Wir sind daher besonders an Beiträgen interessiert, die den konkreten 
Einfluss dieser Ungleichheiten auf das alltägliche Leben und dessen 
sozialer Reproduktion untersuchen. Dabei kann auf den Zusammenhang 
zwischen alltäglichen Praxen und ökonomischer Reproduktion sowie 
Verflechtungen von race- und klassenspezifischen Dynamiken in der 
ökonomischen Exklusion sowie der sozial-räumlichen Verortung von Körpern 
eingegangen werden. Darüber hinaus, können (kollektive) Formen des 
Widerstandes und Perspektiven der Solidarität behandelt werden, auch in 
Bezug darauf, inwiefern dadurch vorherrschende neoliberale Diskurse, 
Politiken und Praxen herausgefordert werden. Wir freuen uns auch über 
Beiträge, die eine Verbindung zwischen Austerität als 
Krisenlösungsstrategie und antifeministisch-neokonservativen Diskursen 
ziehen oder alternative Konzepte wie das der feministischen Sorgeethik 
einbinden. Natürlich können auch hier nicht konkret benannte Themen und 
Schwerpunkte gewählt und eigene Zusammenhänge hergestellt werden!

Verschiedenste Formen von Beiträgen sind willkommen: Einblicke in 
laufende Forschungsarbeiten, konzeptionelle Überlegungen, Critical 
Mappings, Gedichte, Interviews, Zines, Kochrezepte oder selbstgedrehte 
Videos, etc. Wir möchten aber auch Raum schaffen für 
Alltagswahrnehmungen und aktivistische Beiträge sowie intersektionale- 
queerfeministische Perspektiven und Zugänge abbilden. Gerade vor unserem 
eigenen Hintergrund als Hochschulgruppe wollen wir insbesondere 
diejenigen ermutigen, die sonst selten zu Wort kommen: Erzählt uns, was 
ihr denkt! Entwerft Utopien, seid kreativ und lasst eure (feministische) 
Wut in die Beiträge fließen.

Wir freuen uns auf eure Beiträge und liebe Grüße aus Kiel,

die HSG FemGeo Kiel

_*englisch*_

Extension of the Call for Papers for the Next Issue (No. 104): "Feminist 
Perspectives on Austerity and Crisis"

We are extending the call for papers for the next issue of FemGeo 
Rundmail: If you are interested, please feel free to send us your 
contributions by July 20, 2026 to the following email: 
femgeo at email.uni-kiel.de .

We especially encourage people with an activist background and students 
who, for example, are writing or have written theses on this topic.

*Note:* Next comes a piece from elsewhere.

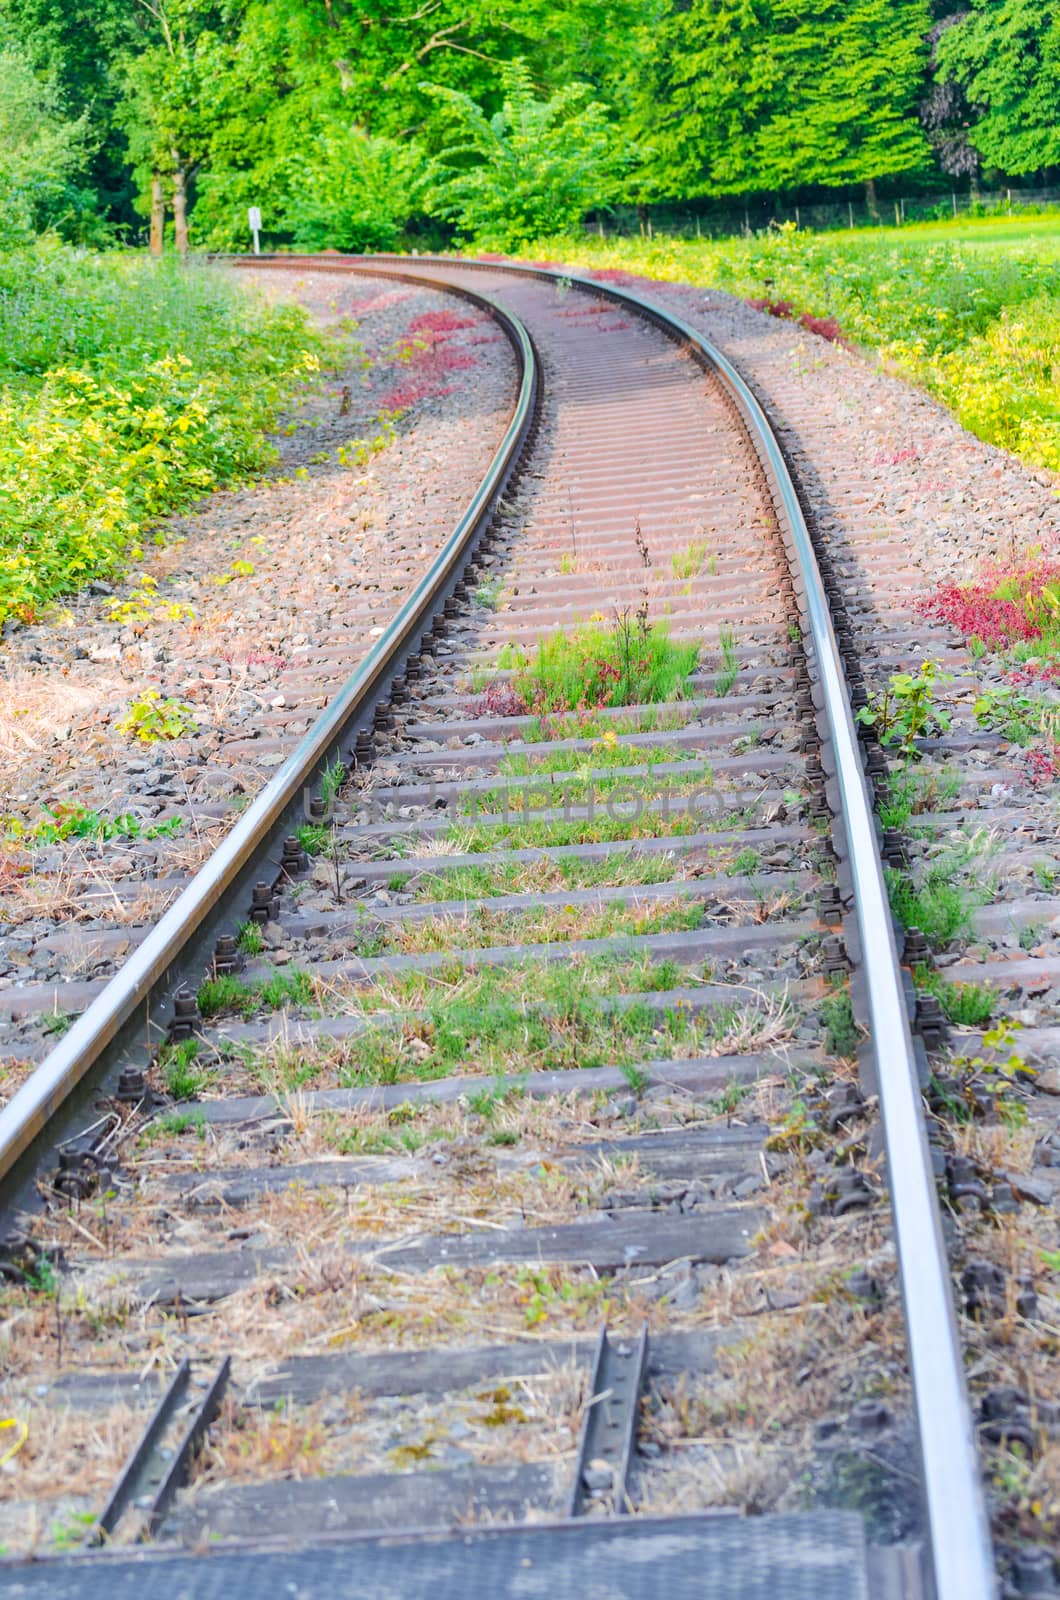 Railroad tracks by JFsPic

Find below the original call for submissions:

Call for the next Issue (Nr. 104): "Feminist Perspectives on Austerity 
and Crisis"

In the next issue of FemGeo Rundmail, we would like to take a look at 
feminist perspectives on austerity and crisis. For us, this includes 
cuts in public spending in response to socio-economic crises. In line 
with neoliberal austerity policies, this involves economic 
prioritization in the distribution of funds and the (re)privatization of 
responsibilities. These are based on the systematic devaluation and 
exploitation of supposedly unproductive care work. The areas of 
healthcare, social housing, education, social welfare, and childcare are 
particularly affected - all sectors that are highly gender-specific in 
terms of both users and employees. Austerity policies thus particularly 
manifest themselves in changes to socio-spatial structures and the 
reinforcement of existing gender-related socio-economic inequalities.

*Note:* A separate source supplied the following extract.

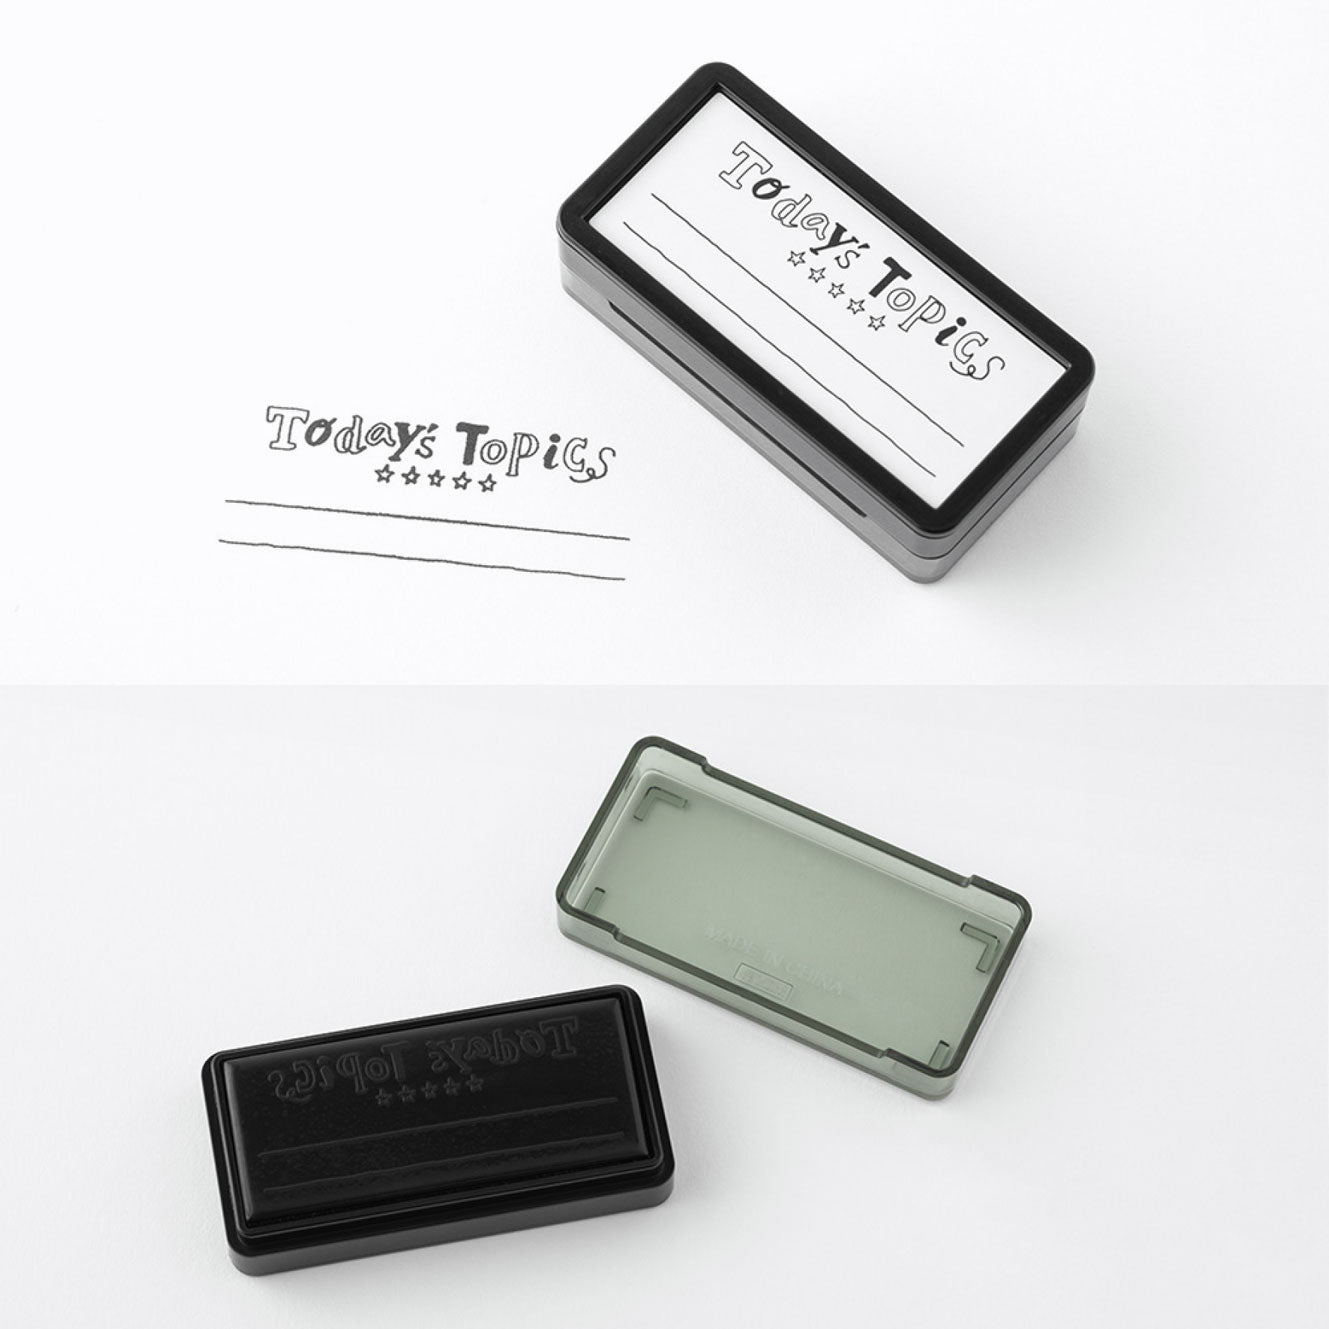 Midori - Stamp - Self-Inking Mini - Today's Topics

We are therefore particularly interested in contributions that examine 
the concrete impact of these inequalities on everyday life and its 
social reproduction. These may address the connection between everyday 
practices and economic reproduction, as well as the intertwining of 
race- and class-specific dynamics in economic exclusion and the 
socio-spatial localization of bodies. In addition, (collective) forms of 
resistance can be addressed - also with regard to the extent to which 
they challenge prevailing neoliberal discourses, policies, and 
practices. We also welcome contributions that draw connections between 
austerity as a crisis resolution strategy and anti-feminist 
neoconservative discourses, or that incorporate alternative concepts 
such as feminist care ethics. Of course, you are also free to choose 
topics and focal points that are not specifically mentioned here and 
establish your own connections!

A wide variety of contributions are welcome: insights into ongoing 
research, conceptual considerations, critical mappings, poems, 
interviews, zines, recipes, or self-made videos, etc. However, we also 
want to create space for everyday perceptions and activist 
contributions, as well as intersectional queer-feminist perspectives and 
approaches. In doing so, we want to encourage those who rarely have a 
voice: Tell us what you think! Create utopias, be creative, and let your 
(feminist) anger flow into your contributions.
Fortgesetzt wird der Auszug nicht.